With a book title like “Greedy Bastards,” you’d expect MSNBC’s Dylan Ratigan to have a naughty list. But the television host and first time author swears he’s not talking about specific individuals in his brand new book, it’s bad behavior that’s getting to him. “There’s a fantasy that we all have that if we could find a room full of ‘Greedy Bastards’ that we would solve [the country’s] problems,” he said. “But unfortunately the problem is just a little bit more complex.”
Being a problem solver is how Ratigan has branded himself in the two and a half years he’s been at MSNBC and the book is an extension of that. He calls out bad behavior, acknowledges those in the country who are actually solving stuff when it comes to issues like education, health care and clean energy, all the while spewing out his own ideas faster than Newt Gingrich.
At first people didn’t know quite what to make of him. “The liberals don’t like you because they think you’re a Wall Street guy,” he said, referencing his CNBC roots. “And the conservatives don’t like you because they think you’re a liberal on MSNBC.”

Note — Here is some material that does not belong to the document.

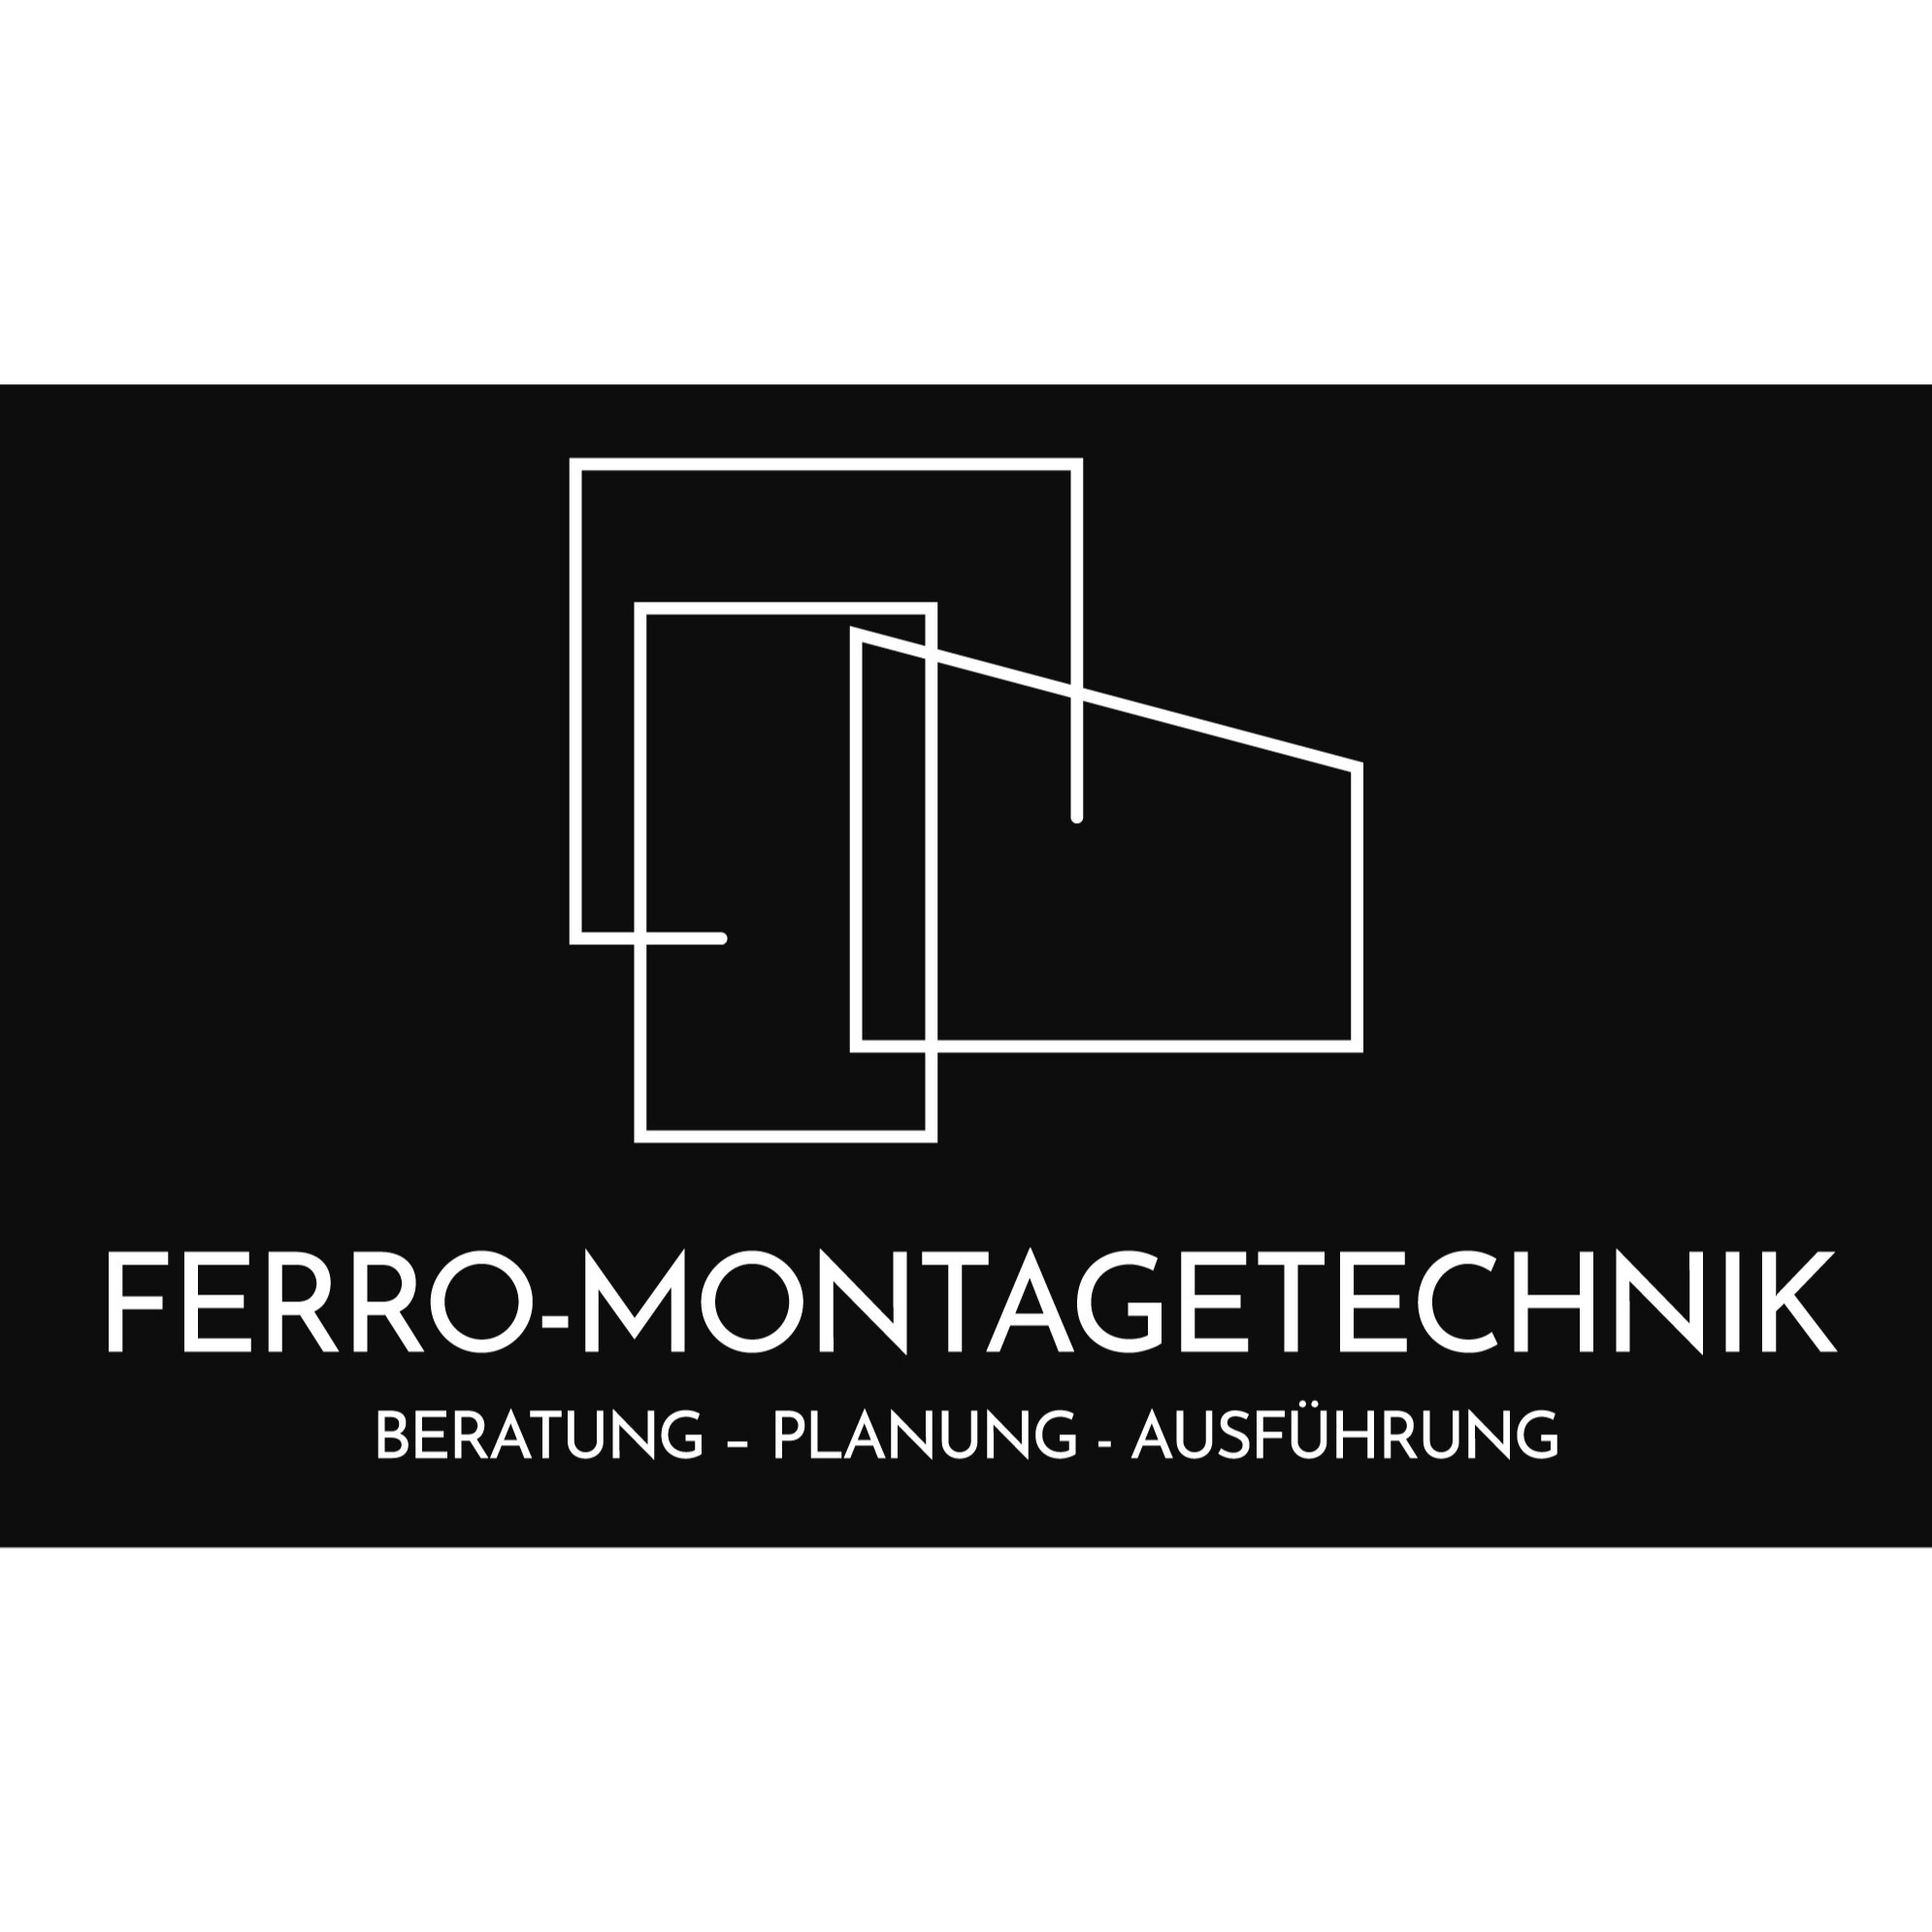 Ferro-Montagetechnik Beratung - Planung - Ausführung in Salzburg

Now, however, Ratigan feels like people understand he’s not perfectly partisan. “I feel like for the first time since I’ve been doing this I’m being judged and evaluated and criticized more for what I actually think and am trying to do, which is much more rewarding than having to fight ghosts that aren’t real.”

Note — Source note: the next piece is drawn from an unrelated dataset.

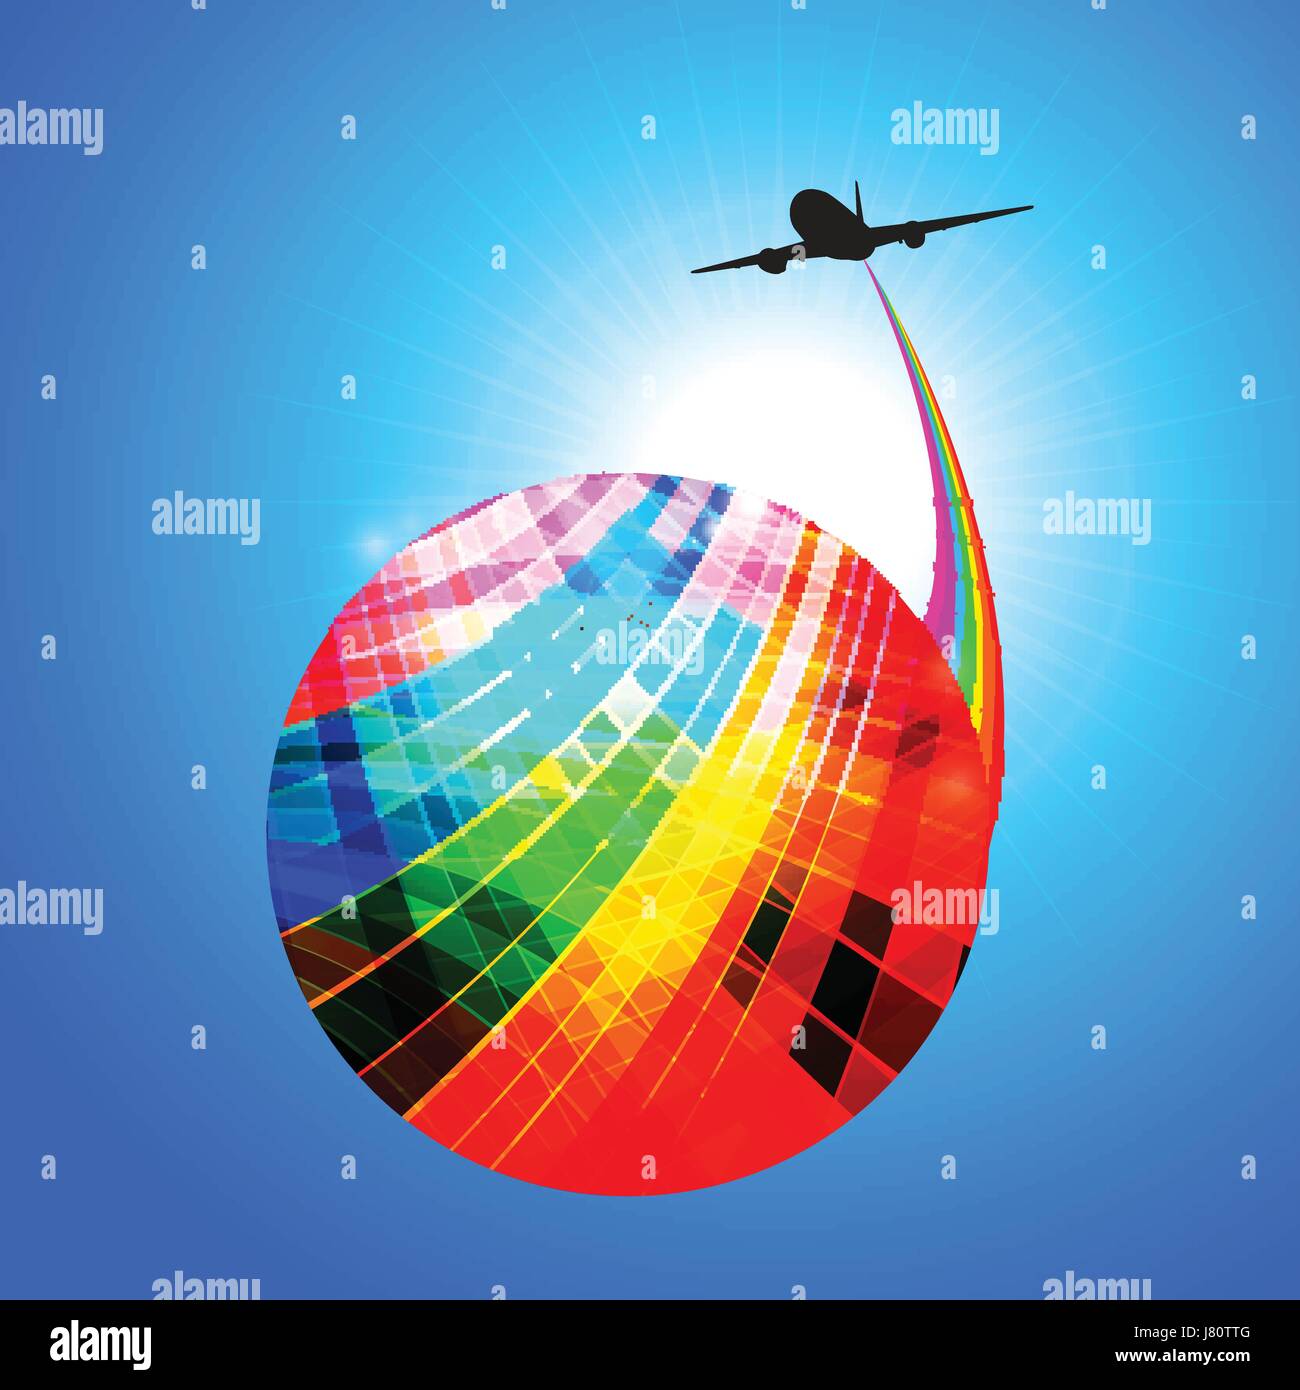 Bunte gestreifte abstrakter Globus mit Regenbogen und Flugzeug Silhouette über sonnigen blauen Himmel Stock Vektor

And in the eyes of Ratigan, that’s what’s wrong with American politics, anyway. “It’s a sport — that your point of view on abortion or the environment should have something to do with your point of view on the financial system and investment — it’s truly insane,” he said. “And so what I’m hoping to push … is to encourage people to fill the stadium, not to encourage one party to fight the other, but to debate around issues that we need to talk about.”